**WHAT YOU NEED TO DO:** Pictures are not part of the copy; reproduce the remaining data exactly.

**DATASET EXCERPT:**
__________

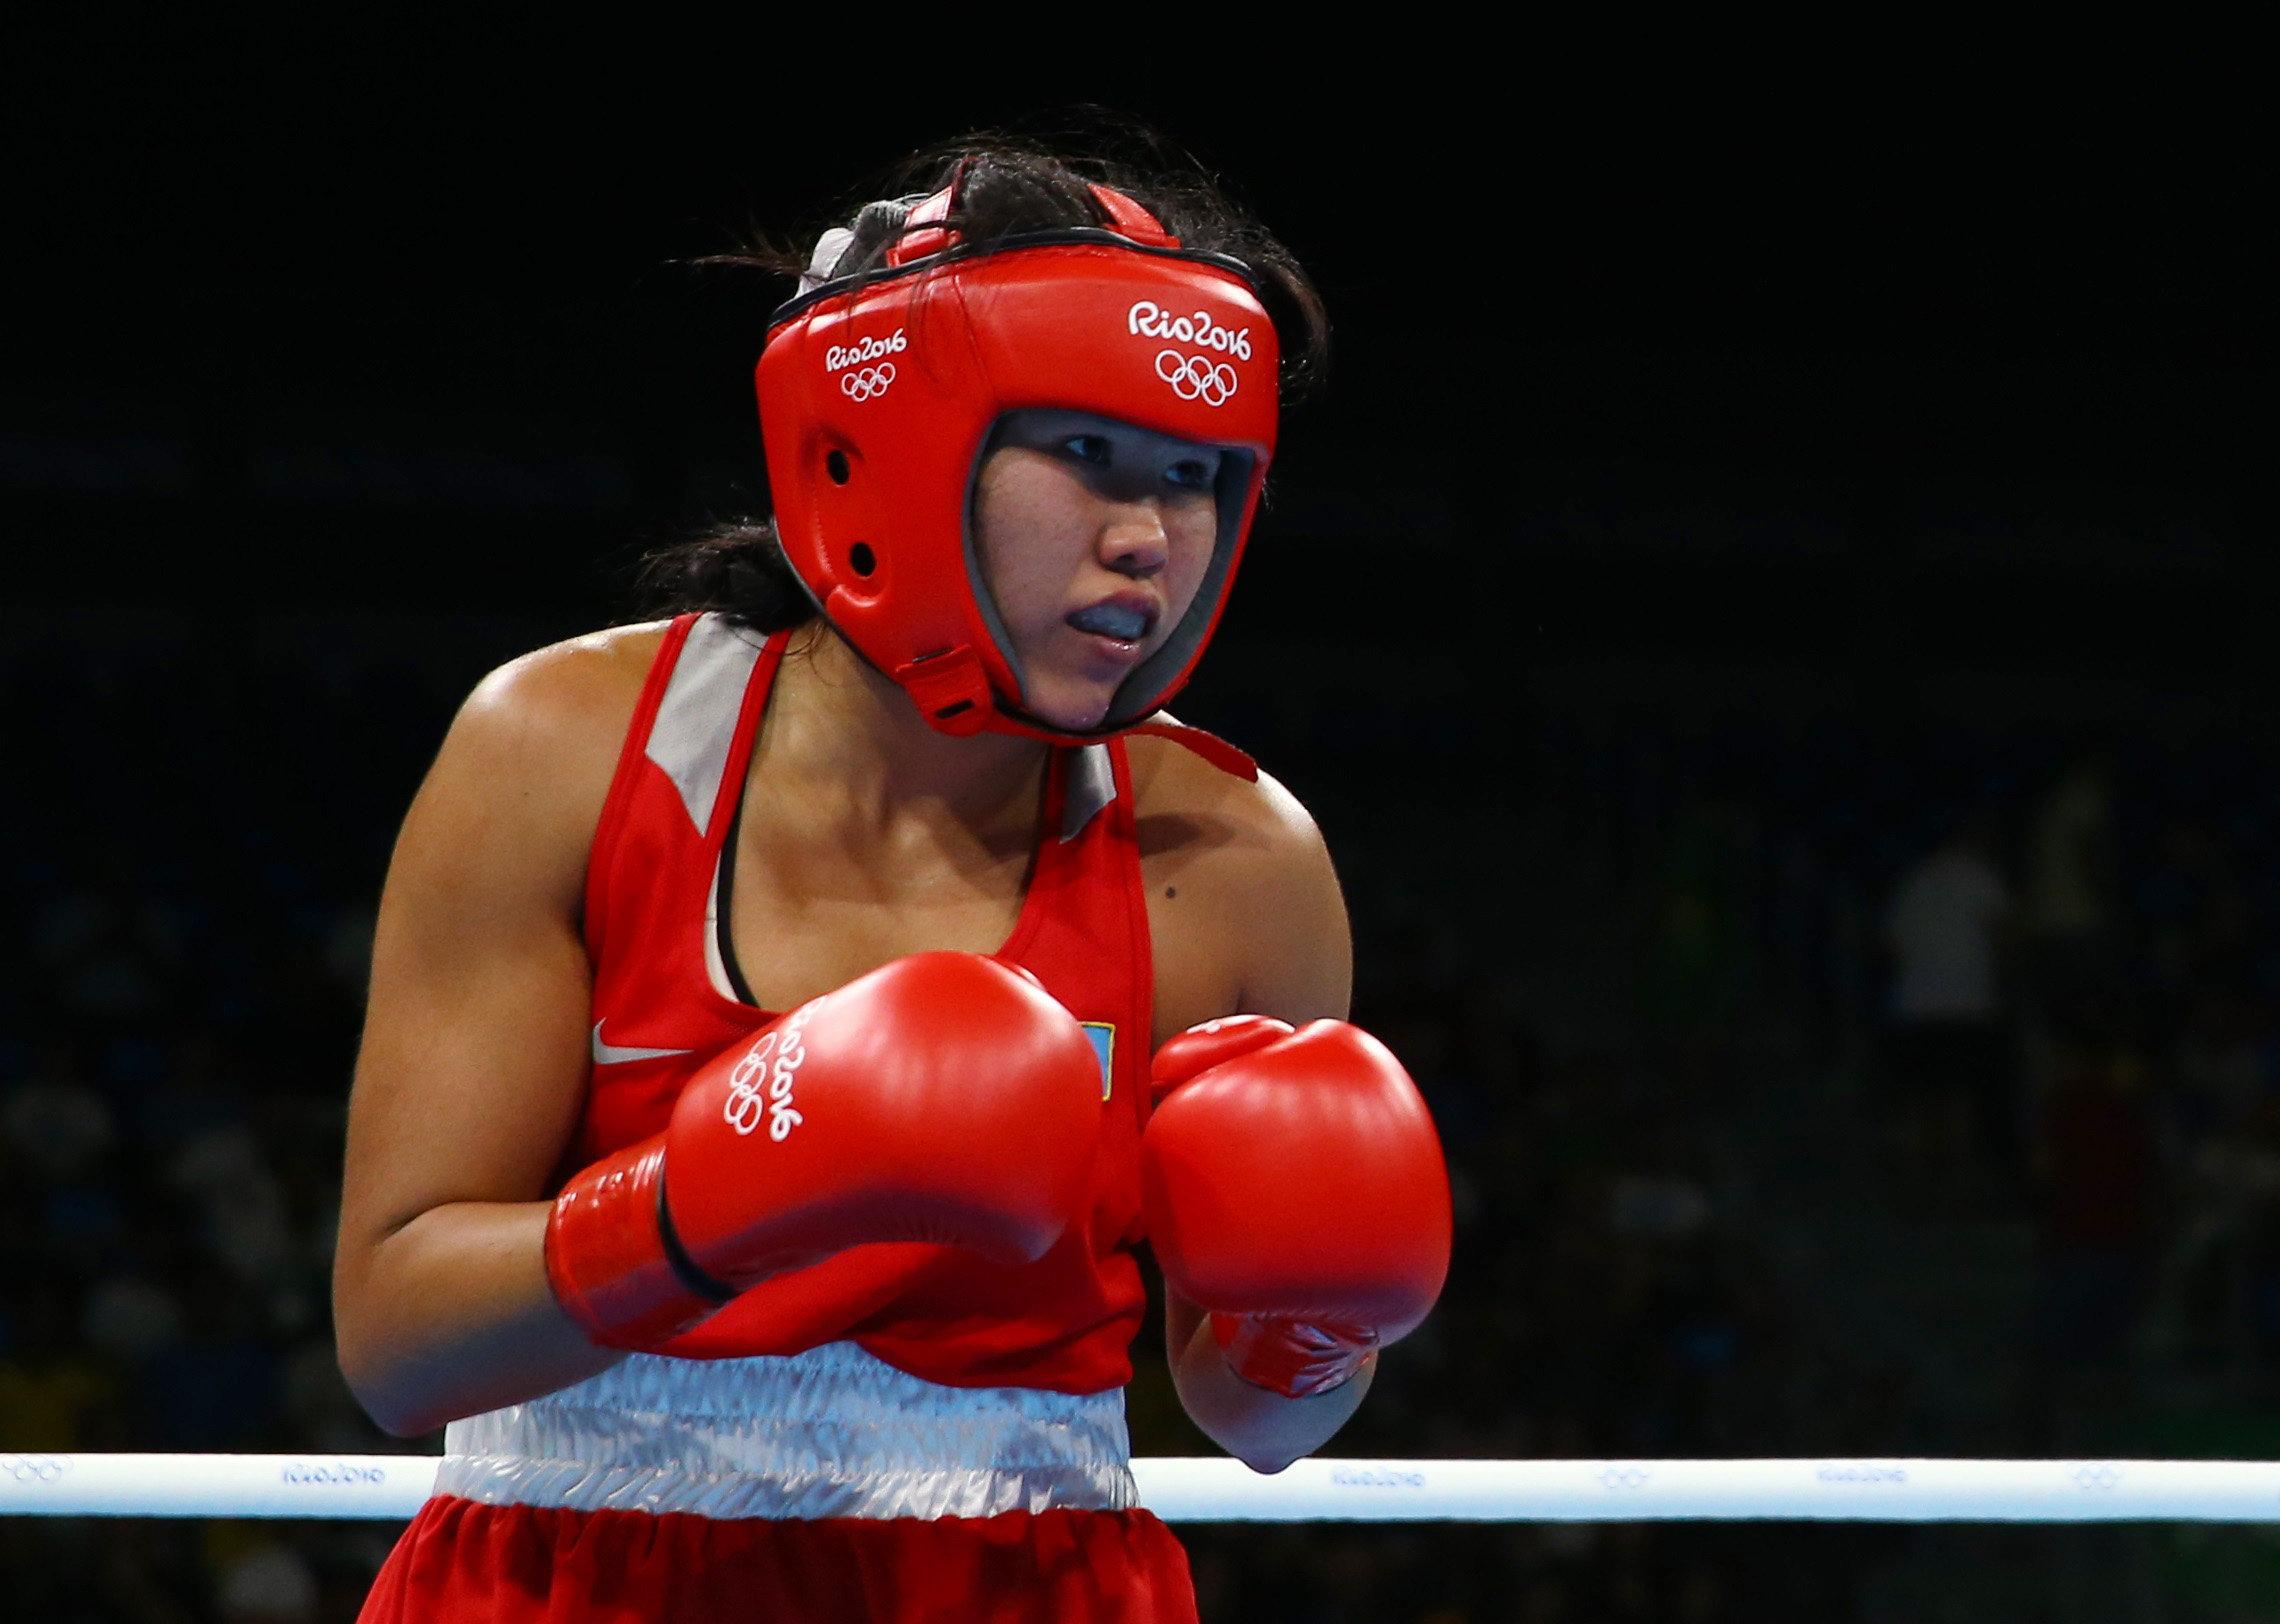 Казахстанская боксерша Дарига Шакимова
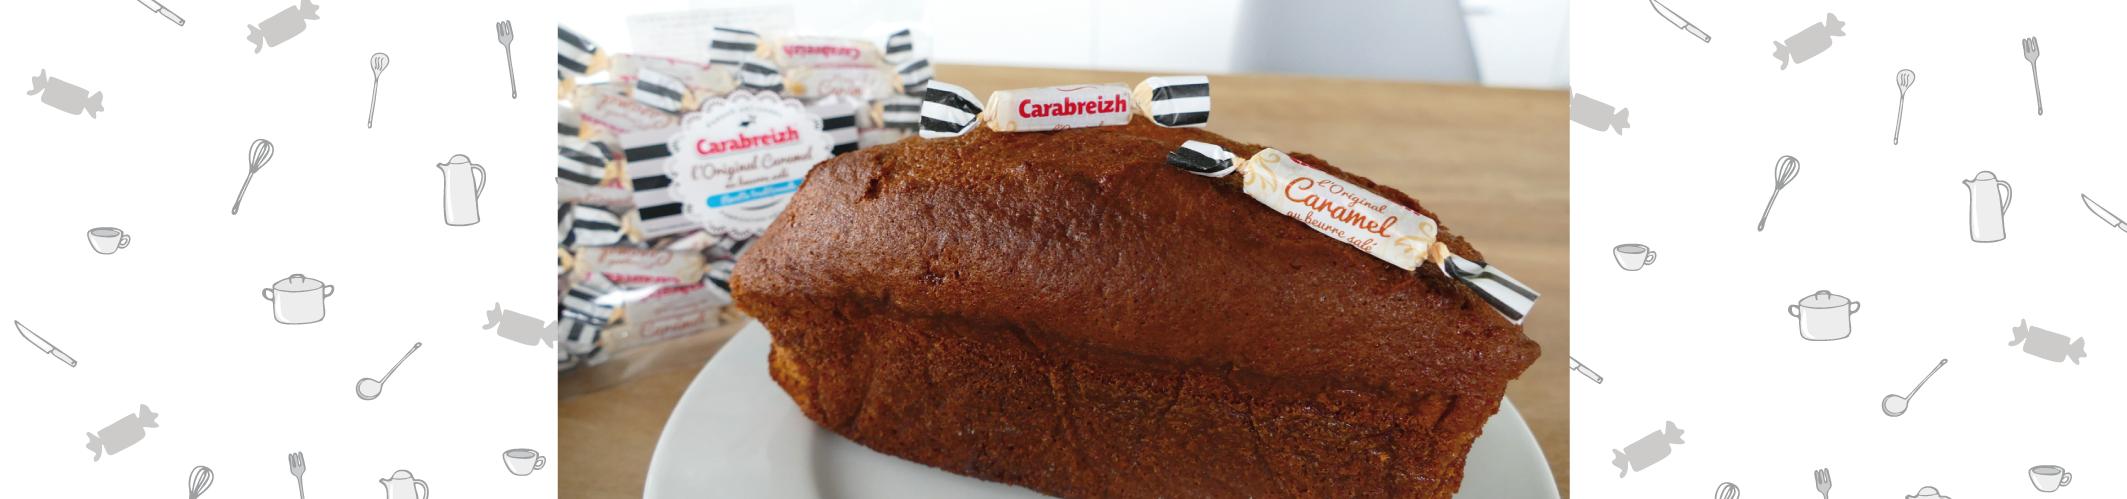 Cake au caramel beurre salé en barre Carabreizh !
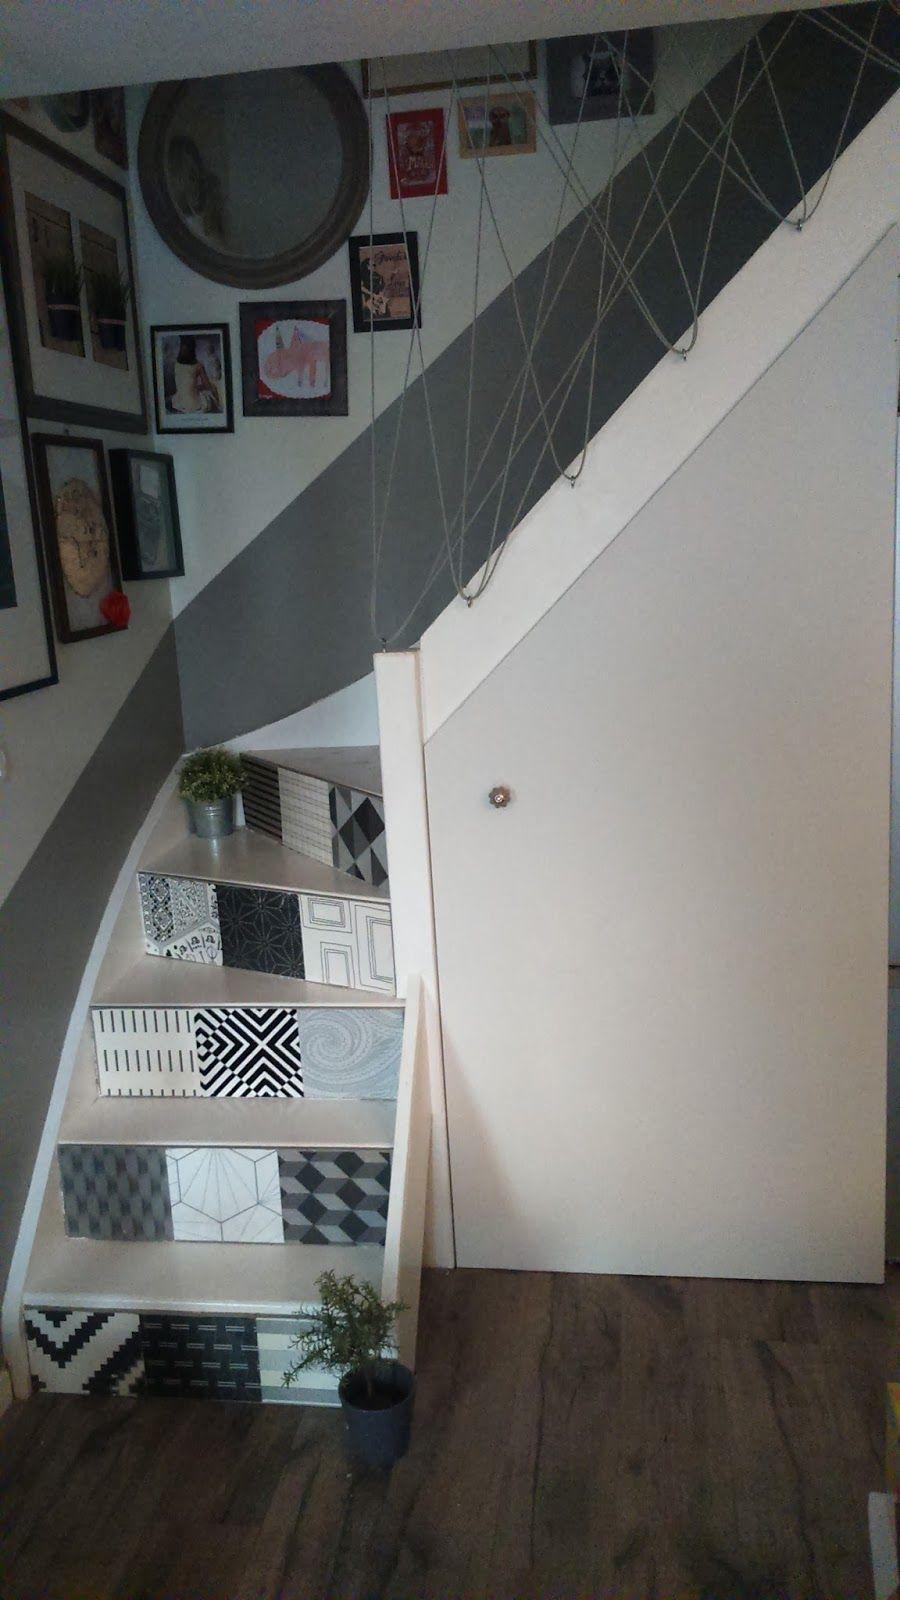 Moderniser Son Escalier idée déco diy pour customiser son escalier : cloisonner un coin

__________

**YOUR RESPONSE:**
 Казахстанская боксерша Дарига Шакимова
 Cake au caramel beurre salé en barre Carabreizh !
 Moderniser Son Escalier idée déco diy pour customiser son escalier : cloisonner un coin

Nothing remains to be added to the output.